══ Data shown ══

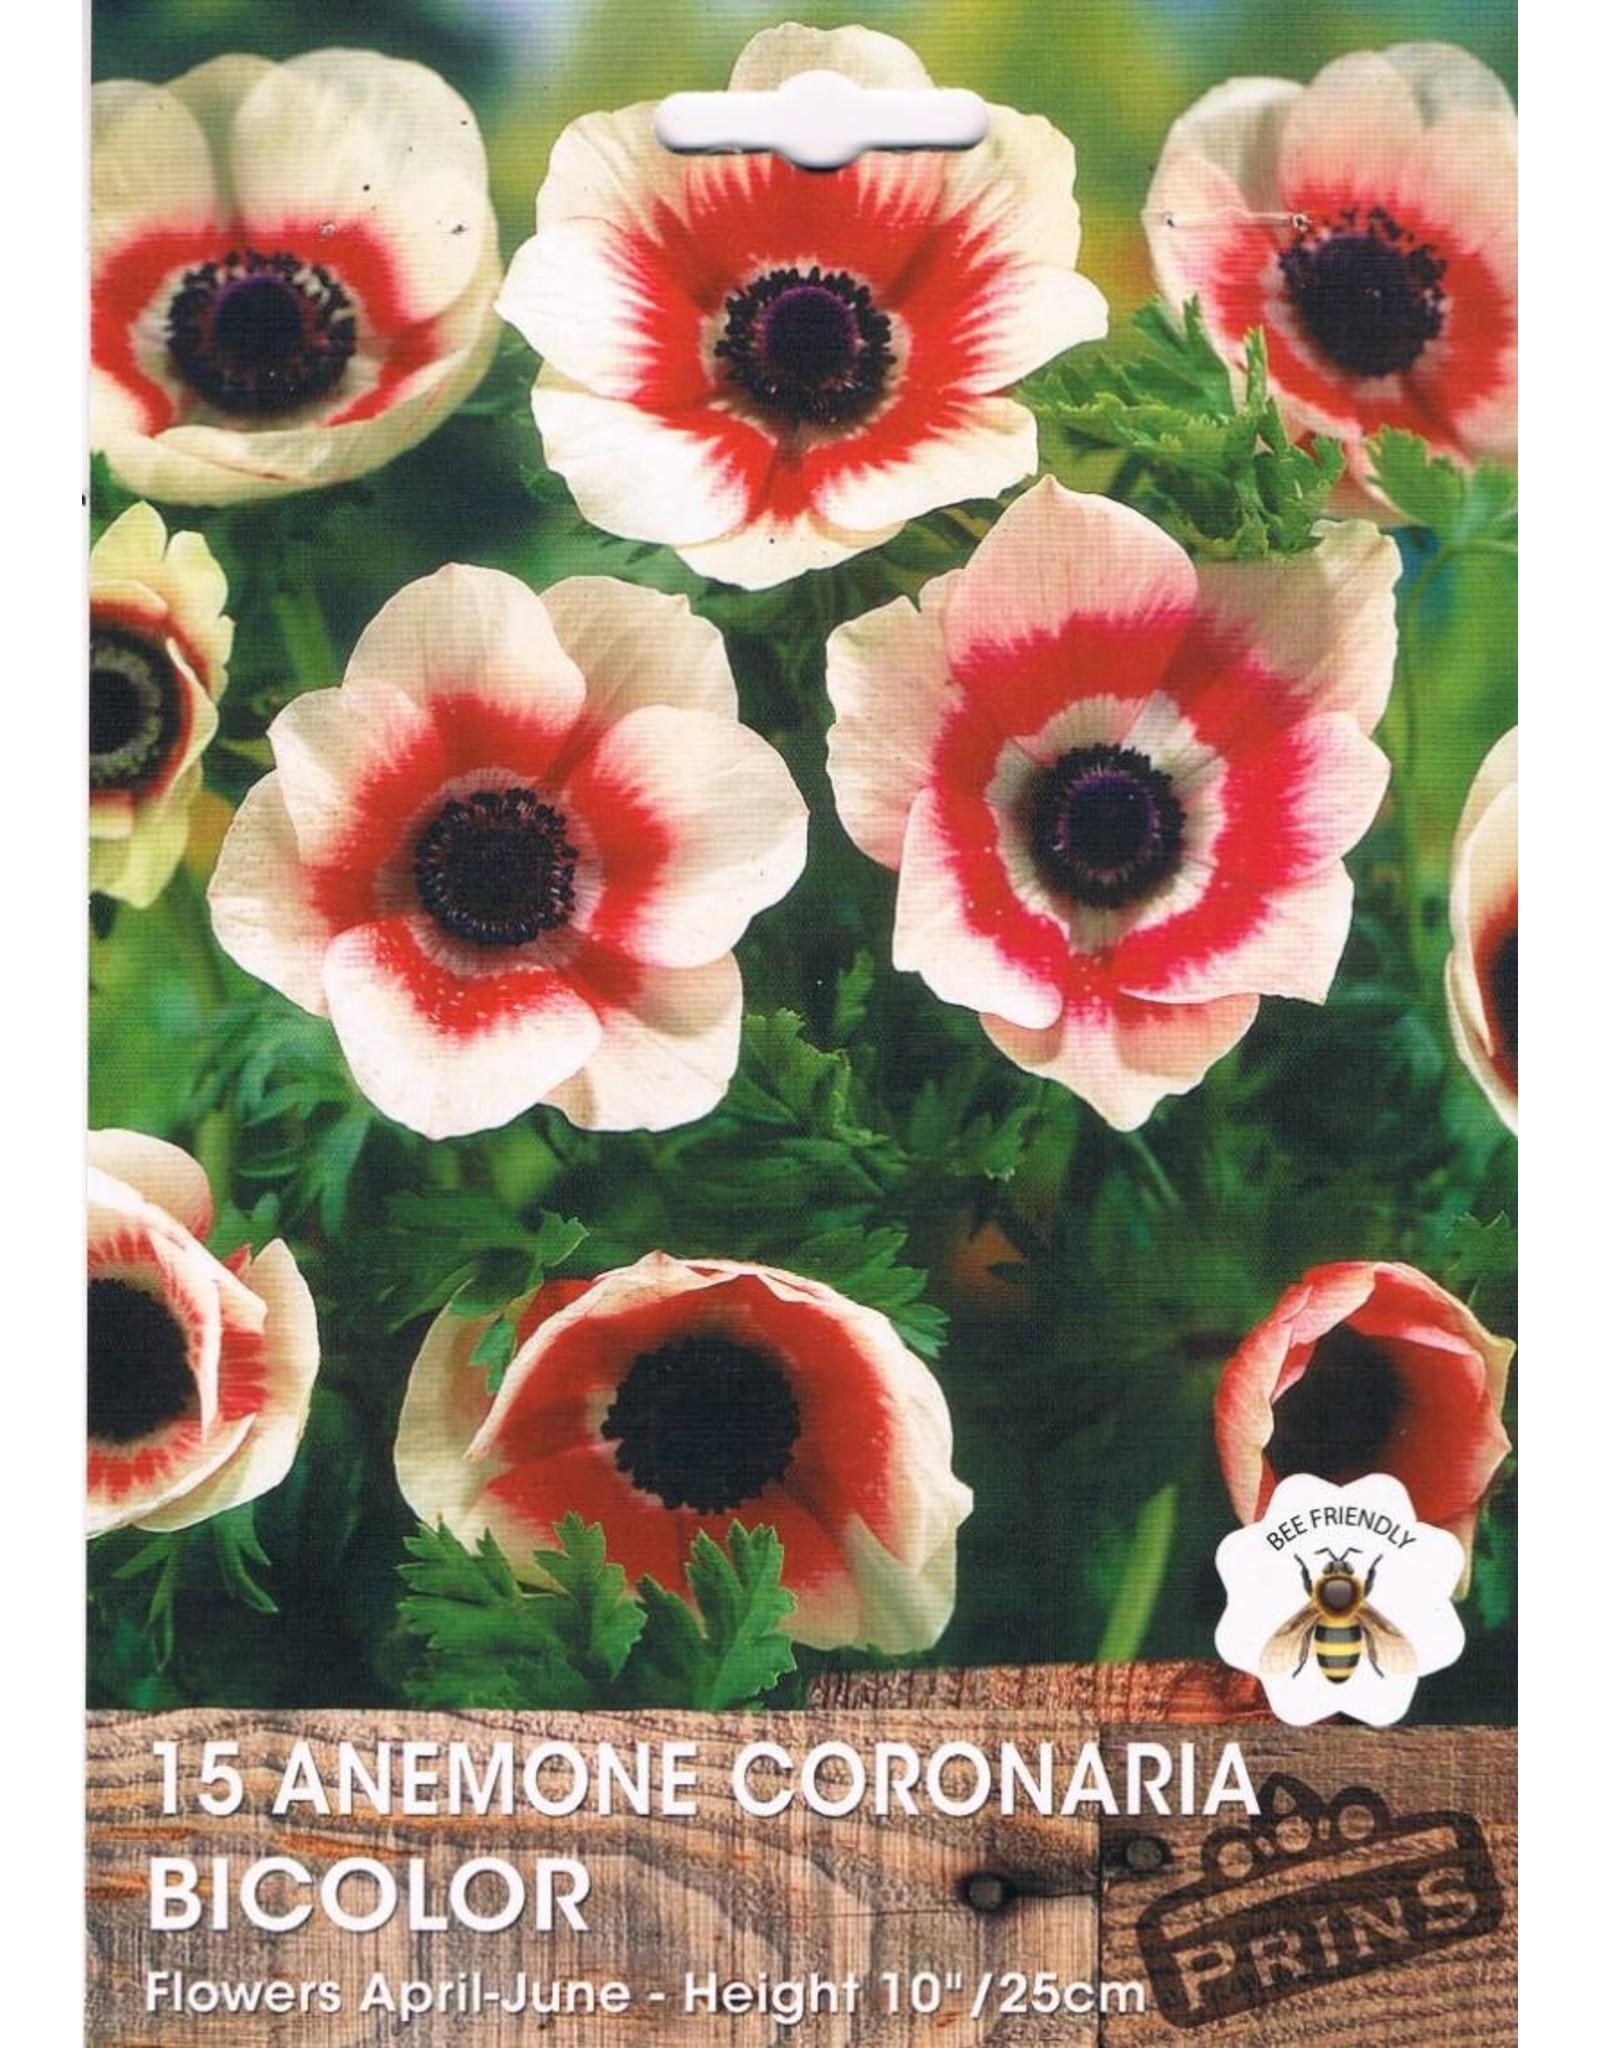 Hollands geteeld Anemone coronaria Bicolor
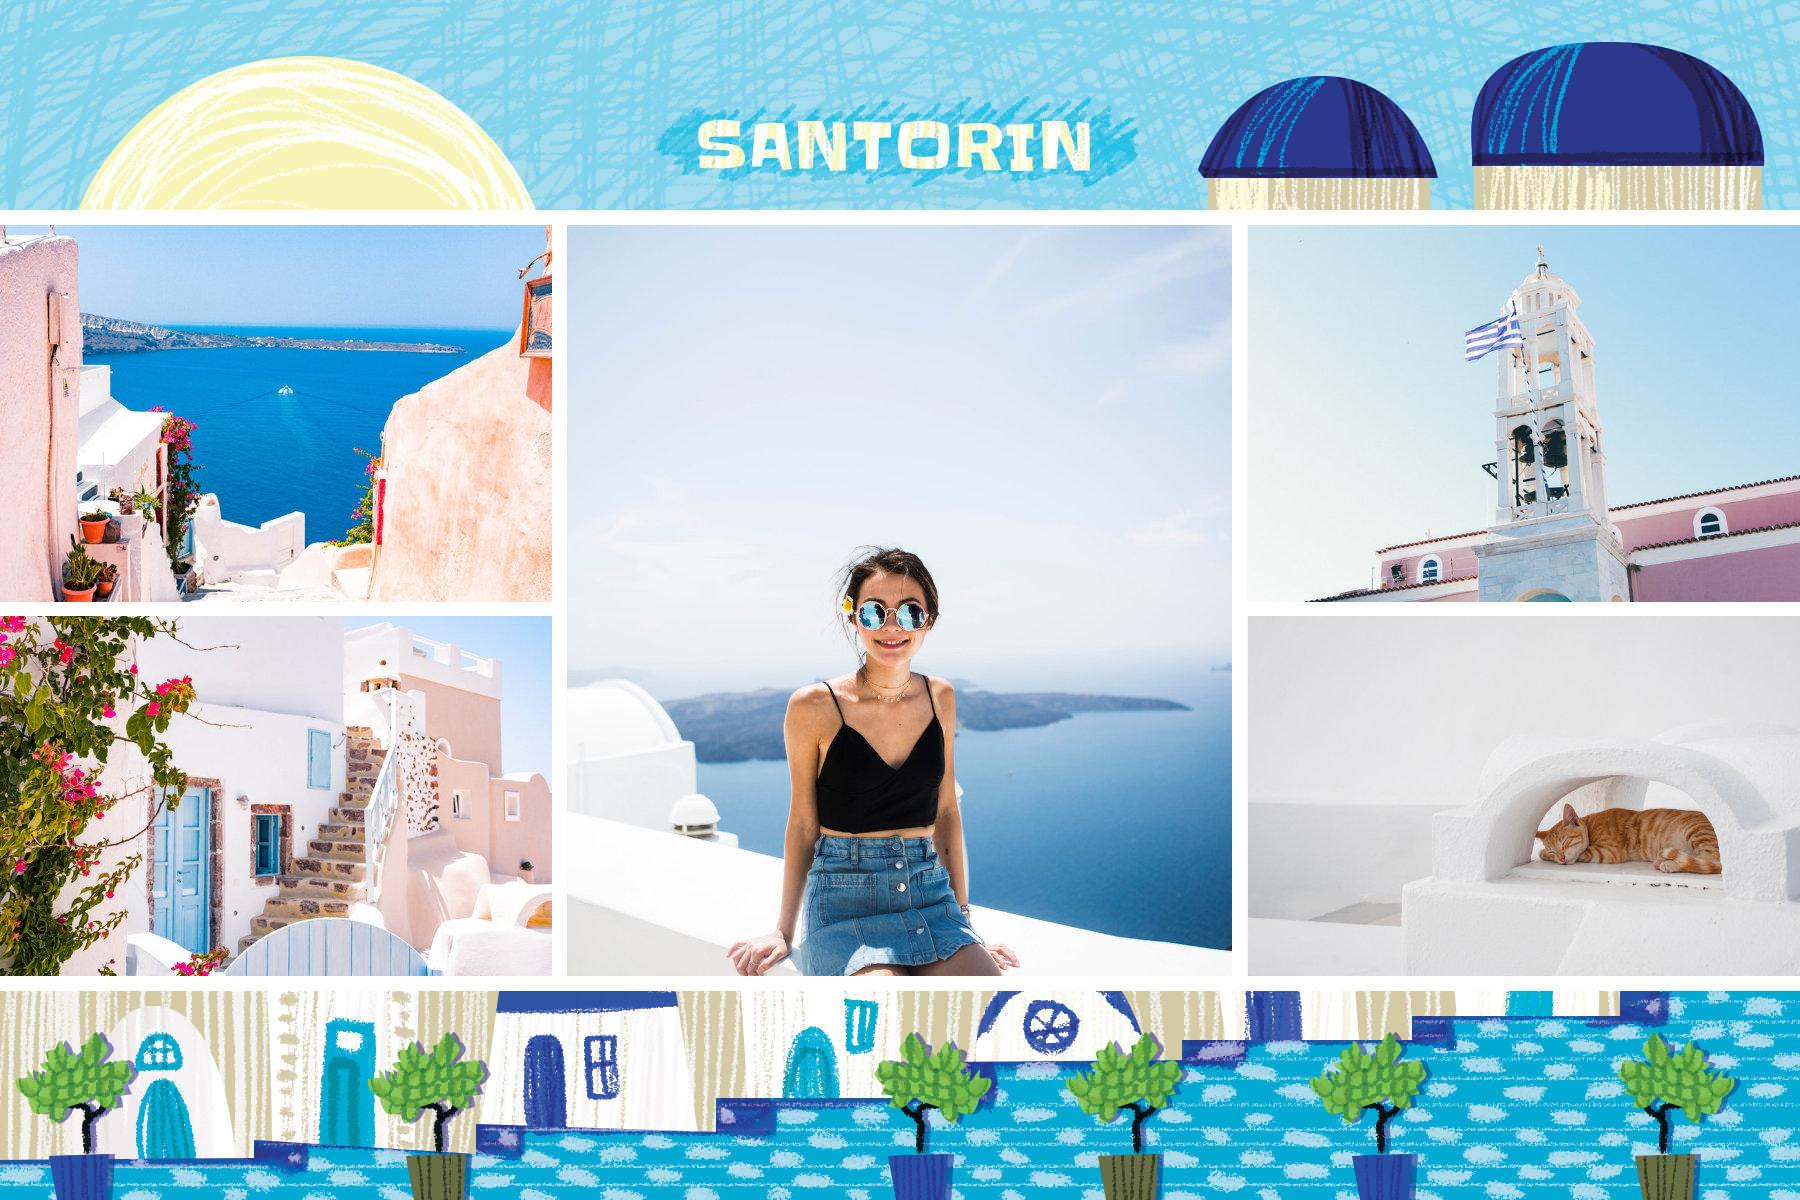 carte postale vacances a santorin grece
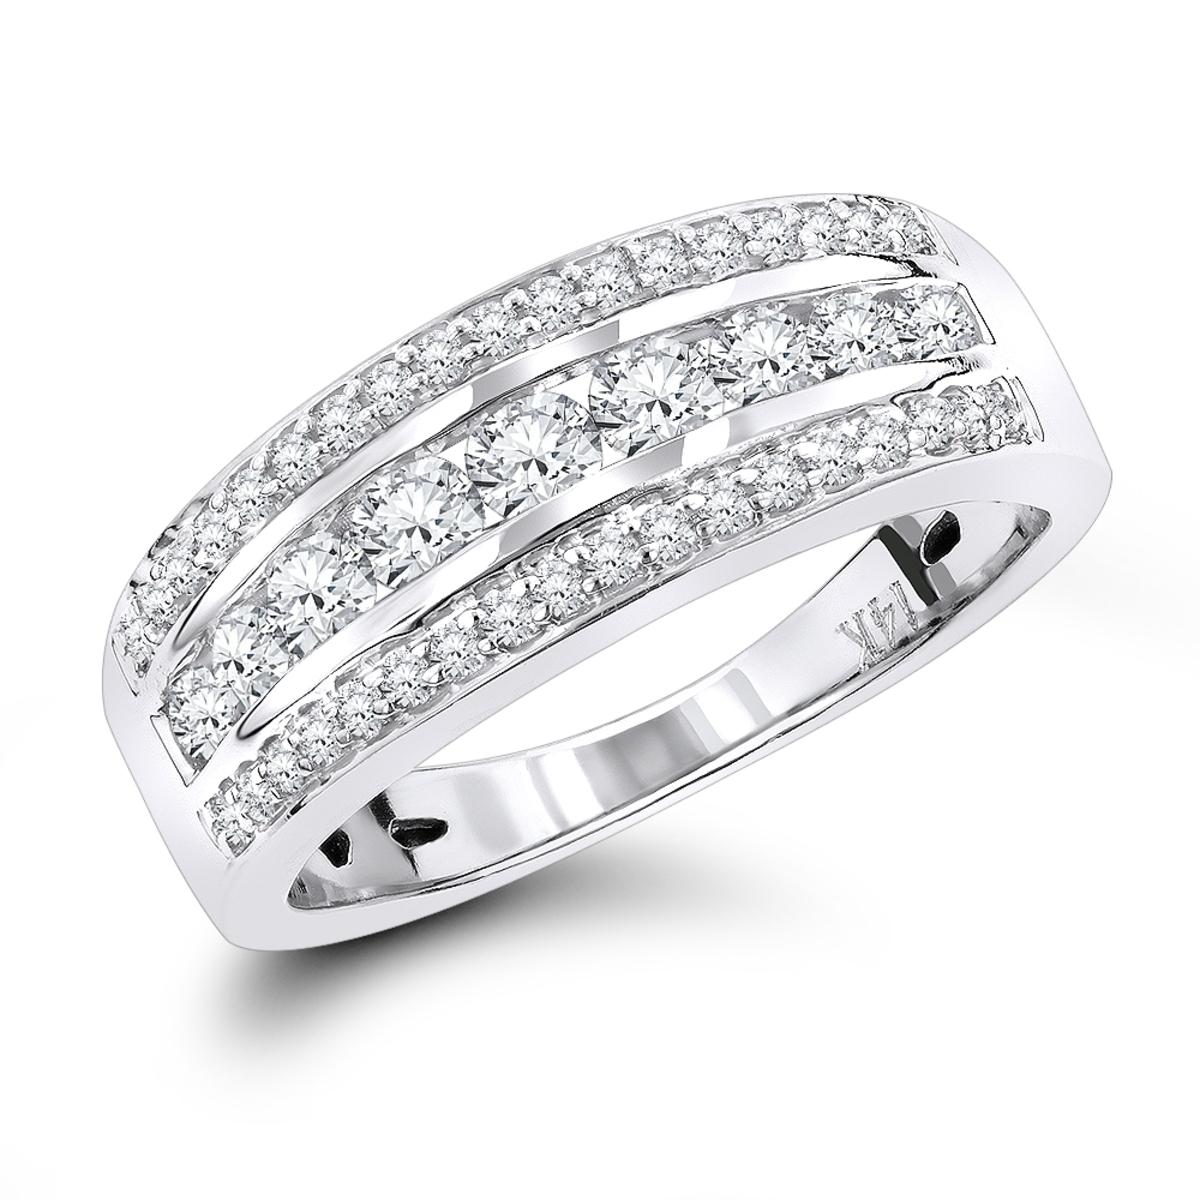 14K Gold 3 Row Ladies Diamond Wedding Band 0.55ct

═══

Problem statement
From the line with "carte postale vacances a santorin grece" to the last line above, restate each line word for word, but skip the pictures.

Exercise answer
 carte postale vacances a santorin grece
 14K Gold 3 Row Ladies Diamond Wedding Band 0.55ct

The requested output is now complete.